### TASK DETAILS:
Any pictures in the records below must be left out when you repeat the lines from the line containing "Malibu hillside at sunset by steffstarr" through the line containing "CHILI CHEES FRISE F.C" exactly.

### TASK MATERIAL:
━━━━━━━━
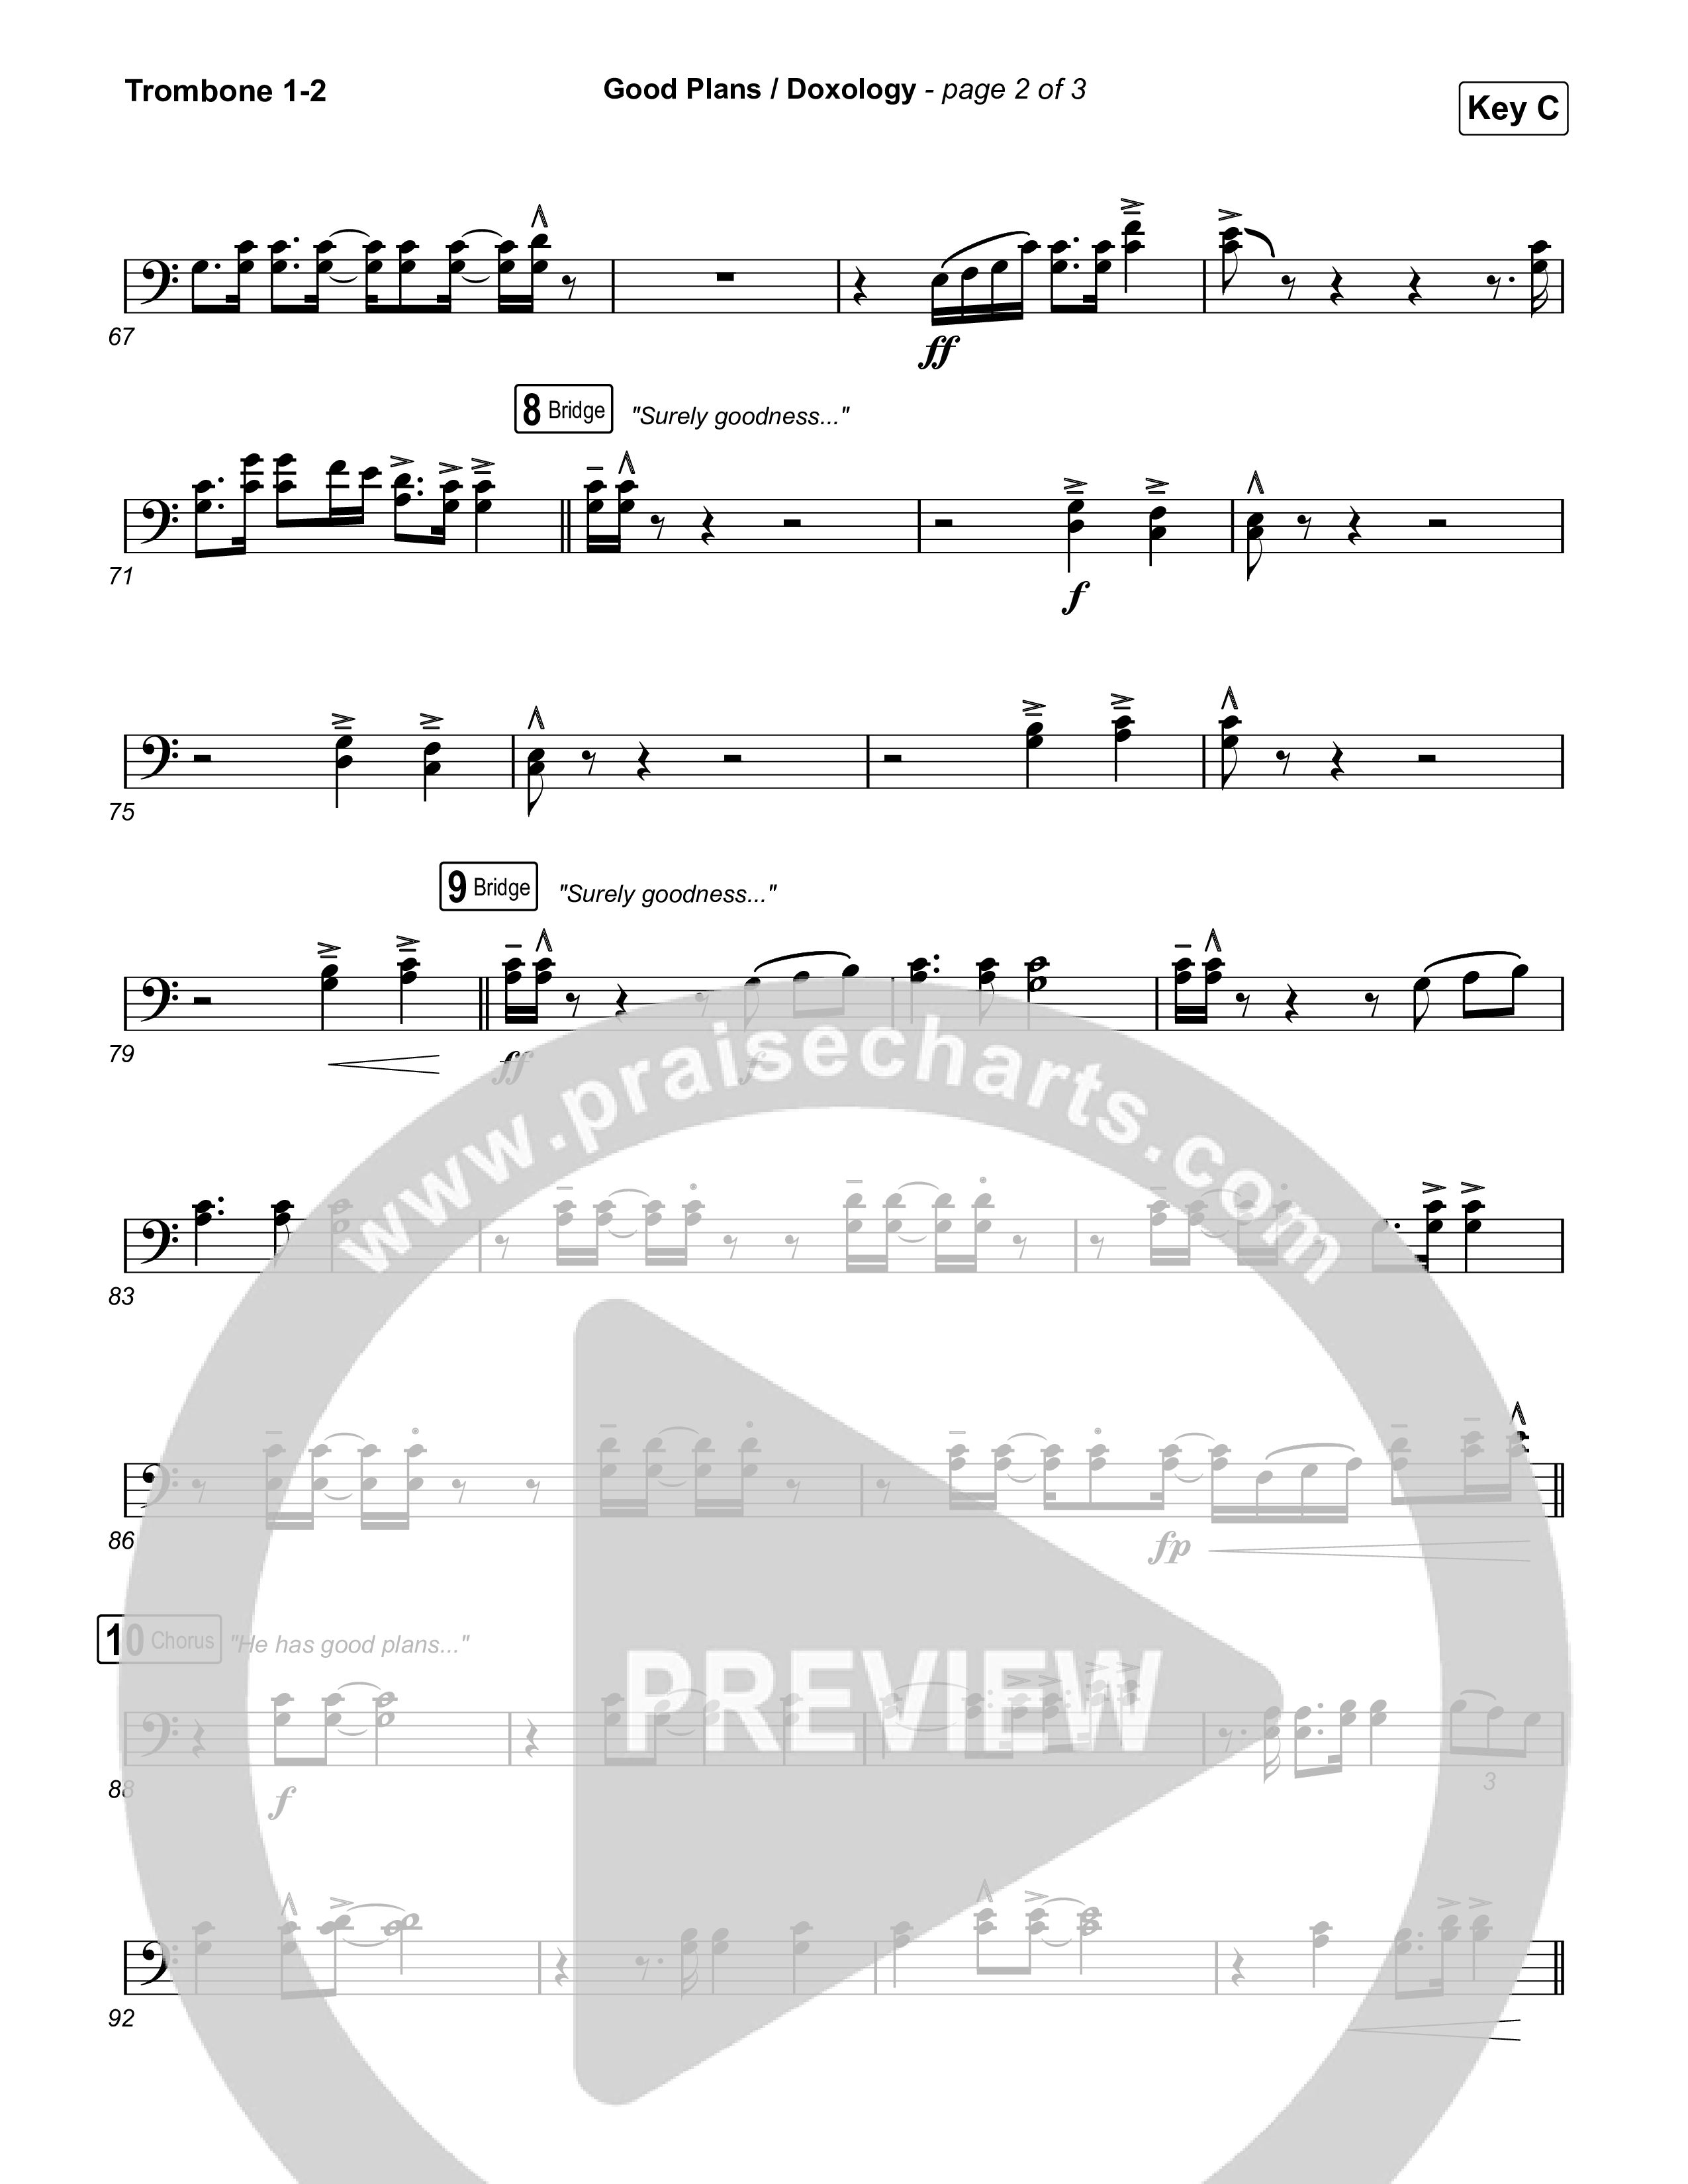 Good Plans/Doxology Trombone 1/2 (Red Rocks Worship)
━━━━━━━━
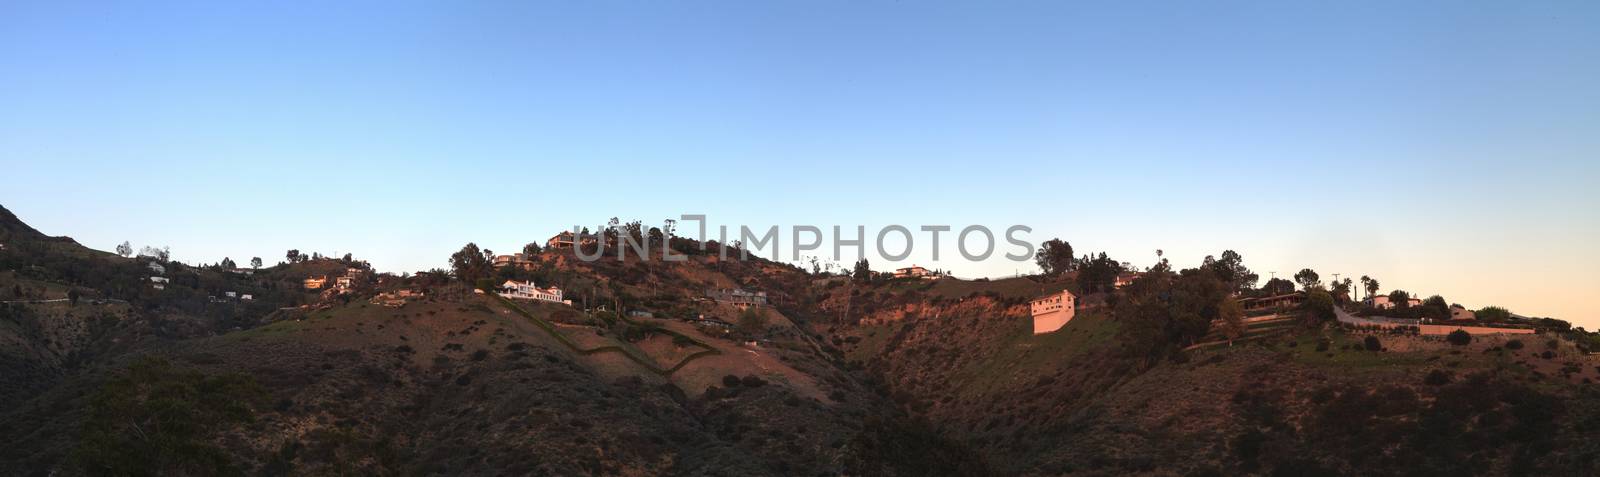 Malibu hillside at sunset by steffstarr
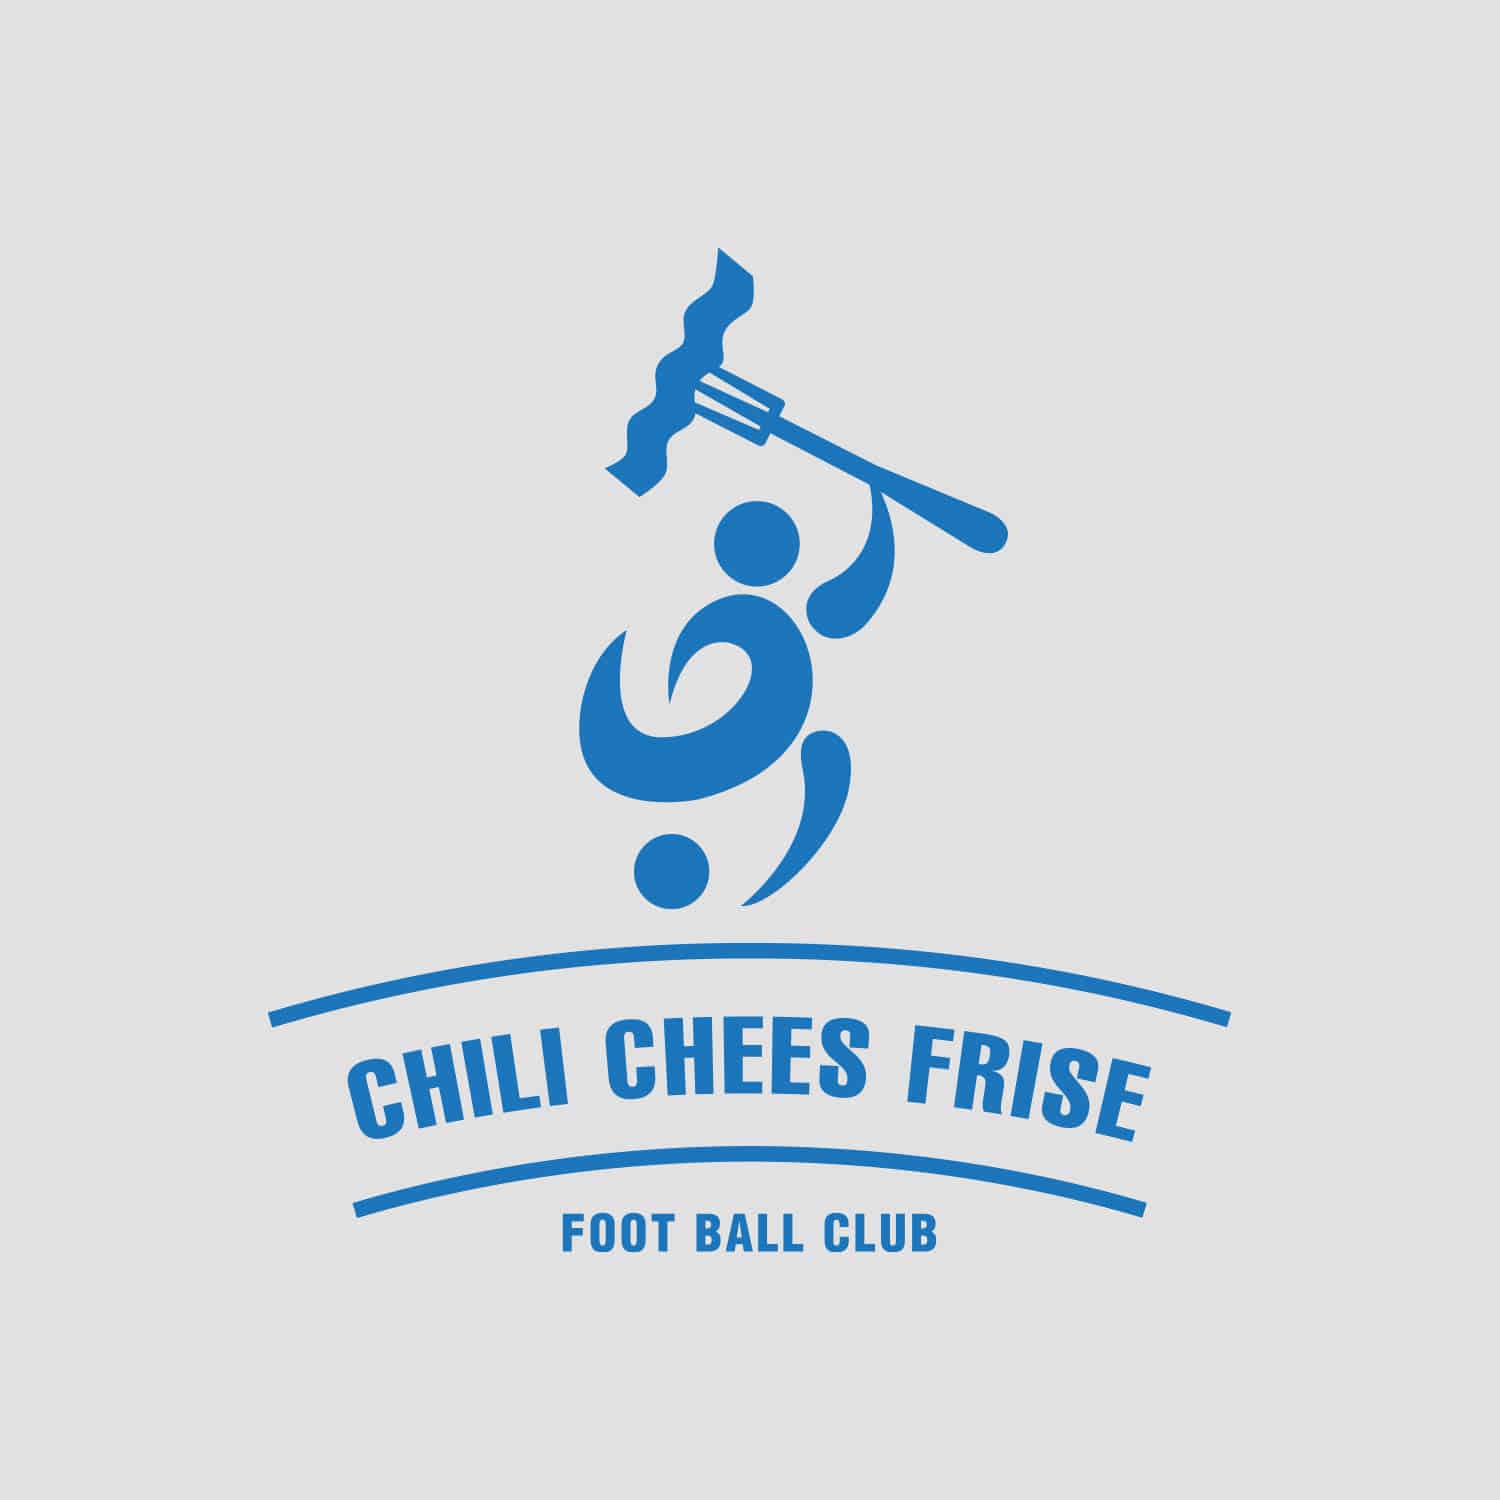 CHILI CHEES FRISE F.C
━━━━━━━━
### THE ANSWER:
 Malibu hillside at sunset by steffstarr
 CHILI CHEES FRISE F.C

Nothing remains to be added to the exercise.